Lifecycle (spec §13.2): observation → candidate → review → promotion →
deprecation.

> Implemented: a run's `harness_suggestions` of kind "skill" auto-record as
> `.agents/skills/<slug>/SKILL.md` (S3) and of kind "rule" as
> `.agents/rules/learned-<slug>.md` (`src/skills.rs`
> `record_run_suggestions`/`record_run_rules`, gated by `auto_skill`/
> `auto_rule`). Learned skills are scored and auto-pruned (S4); learned rules
> are always-on (no per-task attribution to score) so they are kept until
> removed — reversible via git, visible via `yardlet harness review`. Still TODO
> within H4: deterministic-observation candidate mining (turning repeated
> validation failures / NeedsUser themes into candidates).

**Observe (mechanism, every run, no extra tokens).**
- The result contract gains an optional field:
  `harness_suggestions: [{kind: "rule"|"skill", title, content}]`. The
  execution packet instructs the worker: *"if you learned something
  reusable about this repo (a convention, a pitfall, a procedure), propose
  it here — short and imperative."* The worker that just did the work is the
  cheapest possible observer.
- Yardlet adds deterministic observations from the evaluation itself: repeated
  validation failures, drift notes, forbidden-path attempts, merge
  conflicts, NeedsUser questions — each becomes a candidate with its
  evidence run id.

**Collect + apply (mechanism, auto by default).** Candidates append to
`.agents/telemetry/harness.jsonl`, deduplicated by normalized title, and
Yardlet writes them automatically as `.agents/rules/learned-<slug>.md` or
`.agents/skills/<slug>/SKILL.md` through `state.rs` (the worker proposed; the
deterministic core writes — I1/I3). From the next packet on, every worker
shares the asset. What keeps this from poisoning itself is **not** a human
gate but the eval feedback loop (skill/rule scores) plus reversibility (git):
an asset that doesn't earn its place is auto-pruned.

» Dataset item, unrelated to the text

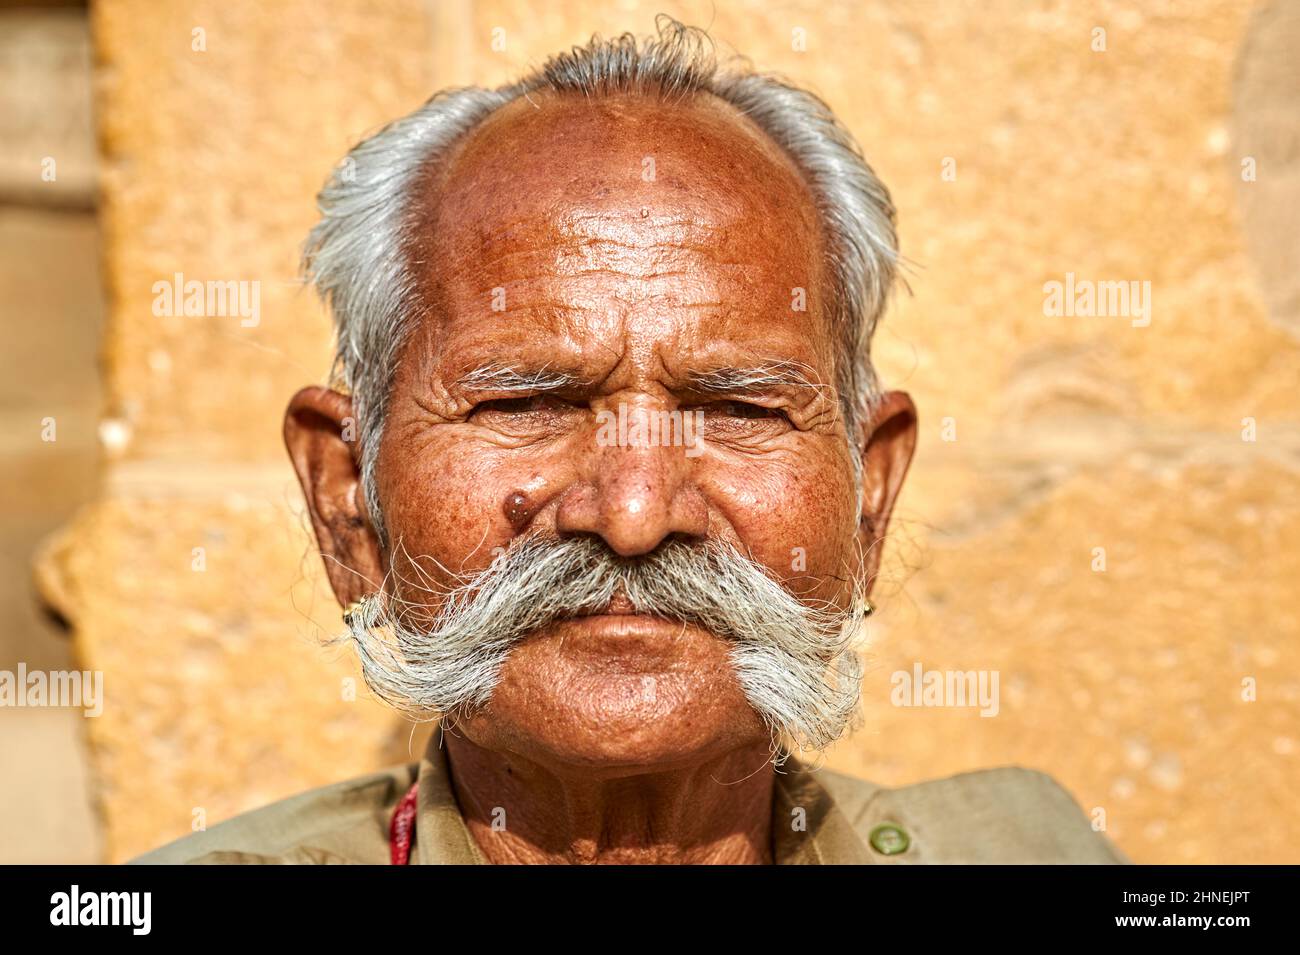 Inde Rajasthan jaisalmer. Portrait d'un homme avec une longue moustache Banque D'Images
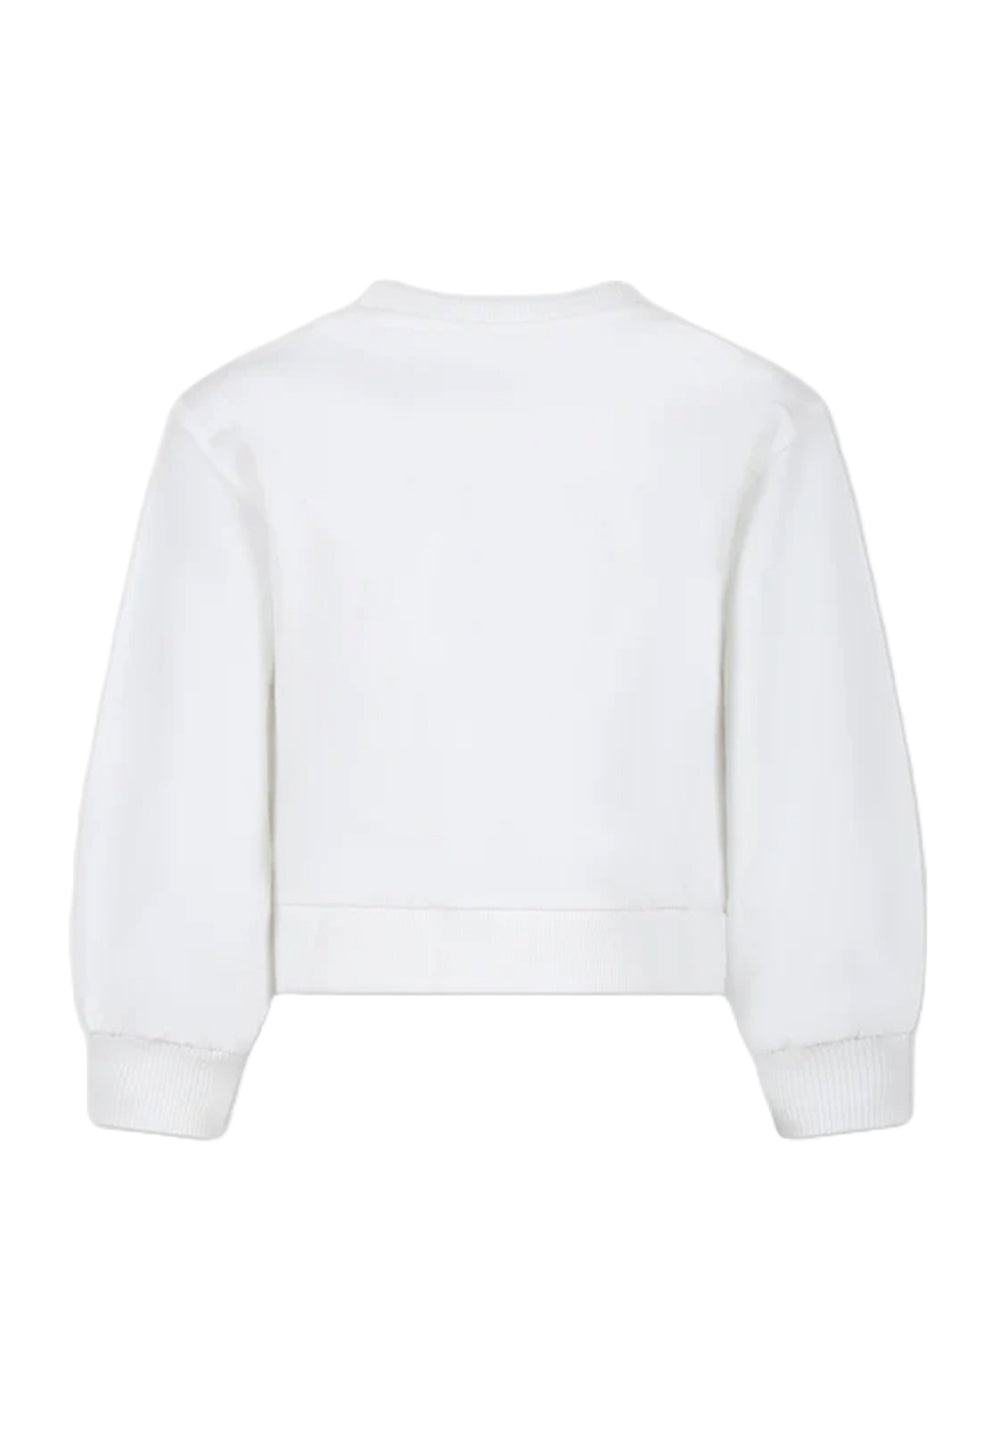 Weißes Sweatshirt mit Rundhalsausschnitt für Mädchen

**Self-correct (eval, the safety mechanism).** Each learned asset carries a
`source: learned` marker and accrues a score from the runs that used it
(review-task pass-through, first-try Done, retry tax — see docs/skills.md).
A learned asset that scores poorly across N intents is auto-deprecated
(unequipped, kept in git). The H1 inline cap bounds packet growth.

**Human override (always available, never required).** `yardlet harness review`
shows pending candidates, scores, and what was auto-applied/pruned; a human
can promote, reject, or restore. With `auto_skill: false` / `auto_prune:
false`, apply and prune become review actions instead of automatic — the
opt-out for cautious workspaces (I4: minimize intervention, don't mandate it).

## Phase H5 (deferred) — central core & presets

the workspace's remaining role: one shared library wired into many repos
(`init tooling`, presets, catalog.tsv). Yardlet equivalent would be
`yardlet init --core <path>` symlinking shared rules/skills into `.agents/`.
Deferred until H1–H4 prove the in-repo loop; a central core multiplies
whatever the loop produces, including its mistakes.

## Order & sizing

| phase | size | depends on |
|---|---|---|
| H1 rules+skills injection | S | — |
| H2 partial continuation | M | — (independent) |
| H3 hooks | M | — |
| H4 learning loop | L | H1 (promotion target), result schema change |
| H5 central core | L | H1–H4 proven |

H1 and H2 first (H2 fixes a real daily pain; H1 is the foundation H4 needs).

## Open questions (do not block H1/H2)

- Should `task.skills` be planner-assigned only, or user-editable in the TUI
  task view? (start: planner-assigned, hand-edit the yaml if needed)
- Suggestion spam control: per-run cap (start: 3) and a minimum-evidence
  threshold for deterministic candidates (start: 2 occurrences).
- Whether promoted skills should auto-attach to matching task kinds (start:
  no — catalog + planner assignment only).